Dana Hamilton, Writer and Anti-Diet Dating Coach
  • HOME
  • COACHING
  • Writing Portfolio
    • PLAYBOY
    • FULL PORTFOLIO
  • PRESS
  • SOCIAL MEDIA
  • Contact Me

Eat, Drive, F*ck: True Stories From My Year-Long, Sex-Positive Road Trip Across the Country and Back

Goodbye forever, Asheville!

2/13/2018

 
A few weeks ago, I scared the crap out of my AirBNB host because I was sitting out on the back porch around midnight in complete darkness. She had gone out to recycle something and I made her jump. The mist that had been beading on my canvas parka was turning into steady rain. I was chain-smoking even though I hate cigarettes and never smoke. Looking back, I realize this is something Dana in College™ would have done when she felt like being a total shit.​

My AirBNB is very nice. It’s so convenient to everything that walking everywhere isn’t weird, the house is super clean and smells nice, there’s a dog (!) who I say “Good morning, sir!” in a dumb baby voice to every morning, and did I mention that my host is a therapist?

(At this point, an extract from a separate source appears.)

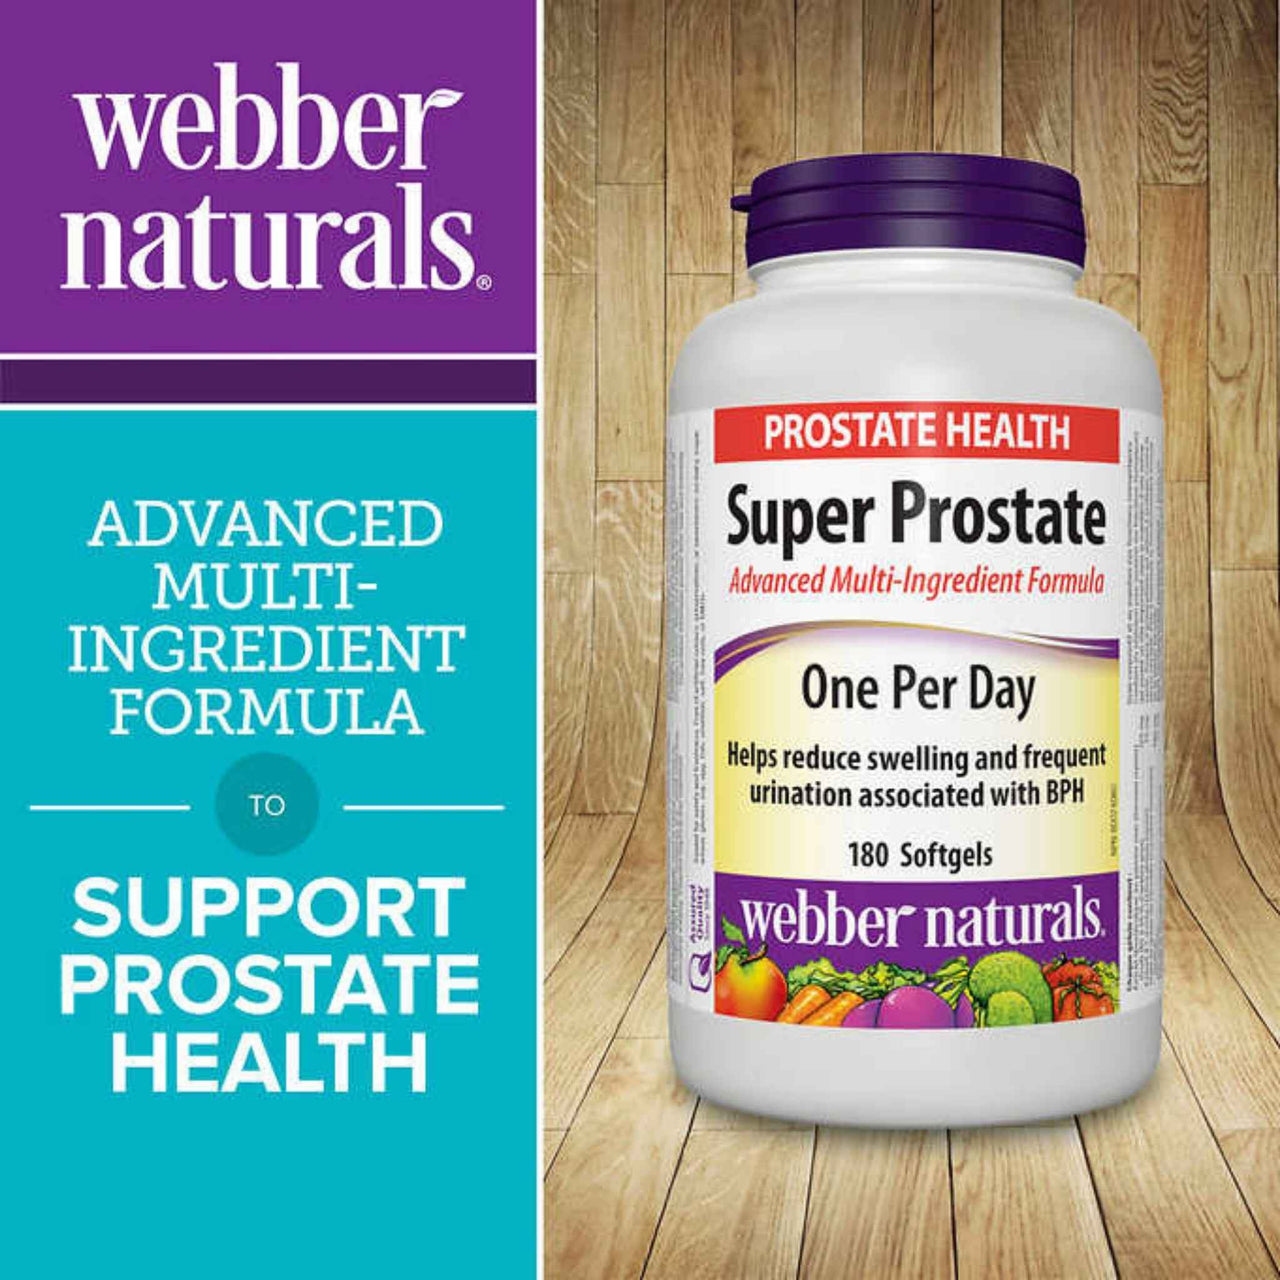 Image of Webber Naturals Super Prostate Advanced Multi-Ingredient Formula, 180 softgels

So when she found me on the back porch like a scene from a Tim Burton movie, we struck up a conversation. I told her about how miserable I was here. How it was very hard to connect with people. How I was bored. How it was emotionally draining to not be able to date (one of my favorite things to do!) much because of the sheer amount of misogyny—subtle and not so subtle—perpetrated by the men here and how none of them were used to being called out on it. How I missed talking to others with big dreams and big ambitions (outside of getting married, a house, and kids) and an entrepreneurial spirit. How no one was weird here outside of “Phish fan”-brand weird (we get it—you smoke weed and wear tie dye and live in an RV voluntarily). How I had been desperately looking for the people with insane origin stories, wants outside of staying in Asheville forever, and interest in having something other than “average” conversation. (Please note that I ultimately found some fabulous people here who these attributes did not apply to, but they were few and far between.)

My host stood in the doorway in the freezing cold in only her pajamas to talk to me about how the periods of discomfort in our lives teach us the most about ourselves. Now listen. My host is a total badass with a degree in wilderness therapy. She has dug holes in the ground to sleep in. She has worked in places that are only accessible by helicopter. I’m living in a house with heat and toilet paper and coffee. There is no comparison in terms of the level of survival skills we have had to develop and employ. But we talked about the feeling of being by yourself and how it shapes the mind. It fucking sucks, but it opens you up in a way that is very unique. It’s raw and it hurts. Something I wasn’t expecting from this leg of the trip is how I became more receptive to pain and more aware.

Everyone’s averse to discomfort; no one likes being sad. We distract ourselves, we self-medicate (in healthy and unhealthy ways), we try really hard to avoid sitting with our feelings. Because feelings suck. In Boston, I wasn’t sad. I was having the time of my life. I actually wanted to extend my trip (but couldn’t or else my mother would kill me for not being home for Thanksgiving). There was no sitting with sad feelings in Boston. My three factory settings were: blissed out, horny, and both.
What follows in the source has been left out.